Ok, I figured it was something like that, esp. since earlier benchmarks showed no RAM increase.

From purely a DX perspective, though, working with hook_query_alter() and trying to figure out what the heck is in a $query object was absolute hell until I commented out $this->preparedStatements[$query] = $stmt; in database.inc. catch also pointed out that this could be a culprit of our > 32MB of RAM install-time requirement, which might be worth looking into.

But if sucking all of the RAM out of the sky is not an issue, can someone remind me why this is a critical bug for D7?

webchick’s picture

Here are my results with drush during install btw: #281405-118: Drupal 7.x can't be installed with memory_limit=32M Removing that cache saved about 1.5 MB of memory on install. Probably pages like update.php, rebuilding node access permissions, etc. would see similar gains.

catch’s picture

Status: Needs work » Needs review
StatusFileSize
new1.83 KB

See #281405: Drupal 7.x can't be installed with memory_limit=32M around #120 and onwards - we should remove prepared statement caching, since #22 shows no measurable gain from it, and because it shaves 2.5mb-ish from the installer.

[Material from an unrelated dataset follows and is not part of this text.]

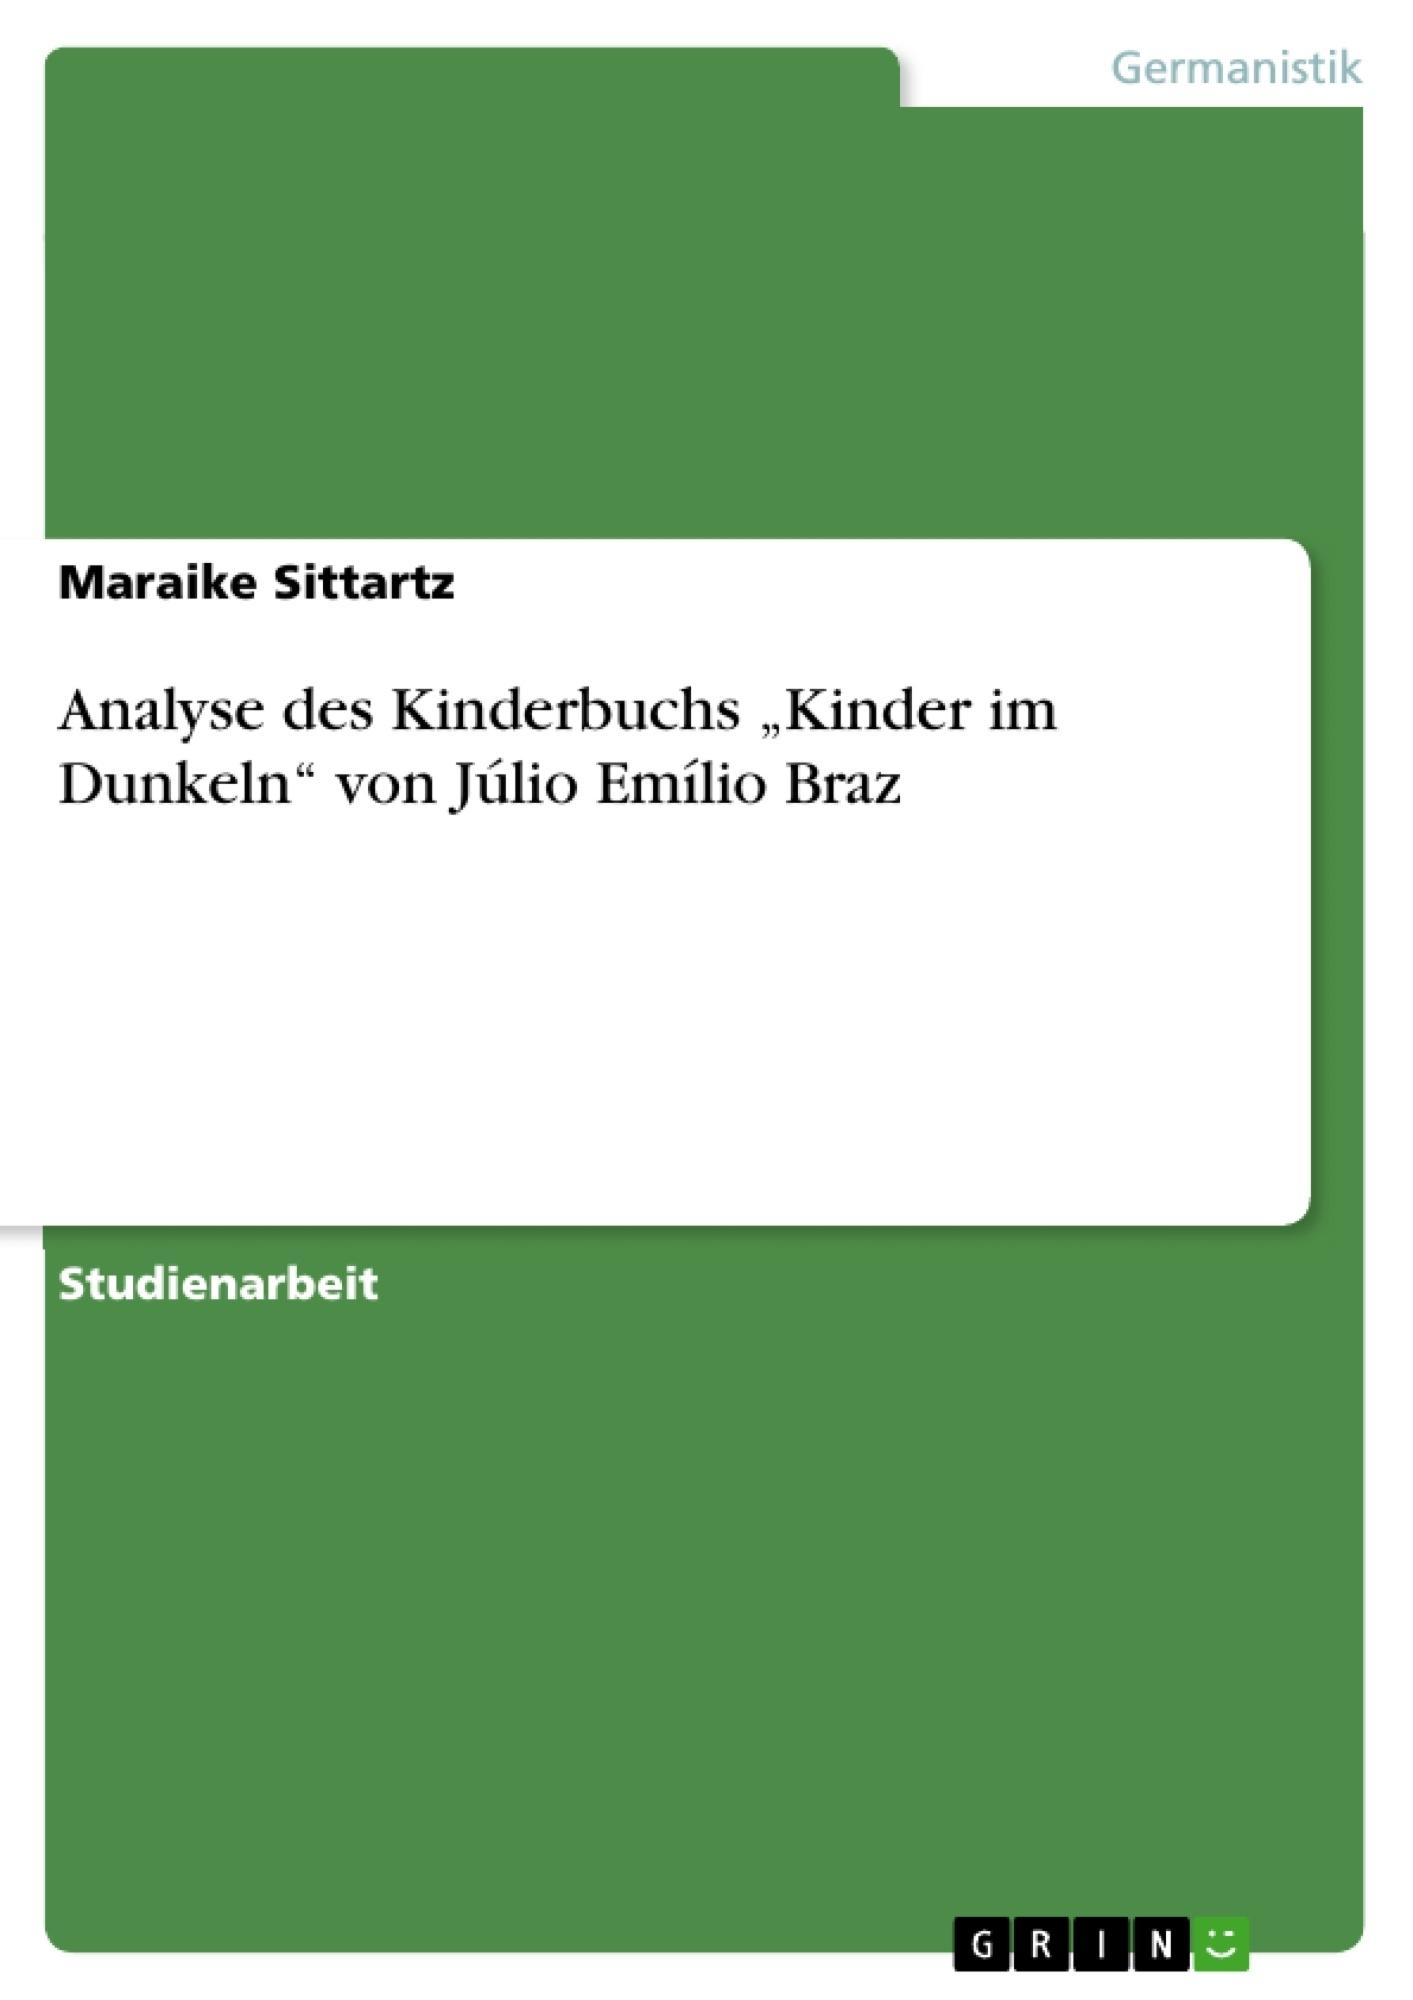 """Titel: Analyse des Kinderbuchs """"Kinder im Dunkeln"""" von Júlio Emílio Braz"""

Here's a re-roll of webchick's patch from there, with some additional cleanup. Untested.

catch’s picture

StatusFileSize
new3.83 KB

Missed a bit.

Status: Needs review » Needs work

The last submitted patch, no_cache_for_you.patch, failed testing.

Crell’s picture

Status: Needs work » Needs review

Are you sure, bot? Nothing in that test should have anything to do with this cache.

Crell’s picture

#34: no_cache_for_you.patch queued for re-testing.

Crell’s picture

Status: Needs review » Reviewed & tested by the community

Quick, before the bot changes its mind!

webchick’s picture

Title: Prepared statement caching: Good, Bad, or Ugly? » Remove prepared statement caching
Status: Reviewed & tested by the community » Fixed

Great. Committed to HEAD! I'll go cross-post over at the memory suckage issue and see if we can now install in < 32MB.

Status: Fixed » Closed (fixed)
Issue tags: -Performance

Automatically closed -- issue fixed for 2 weeks with no activity.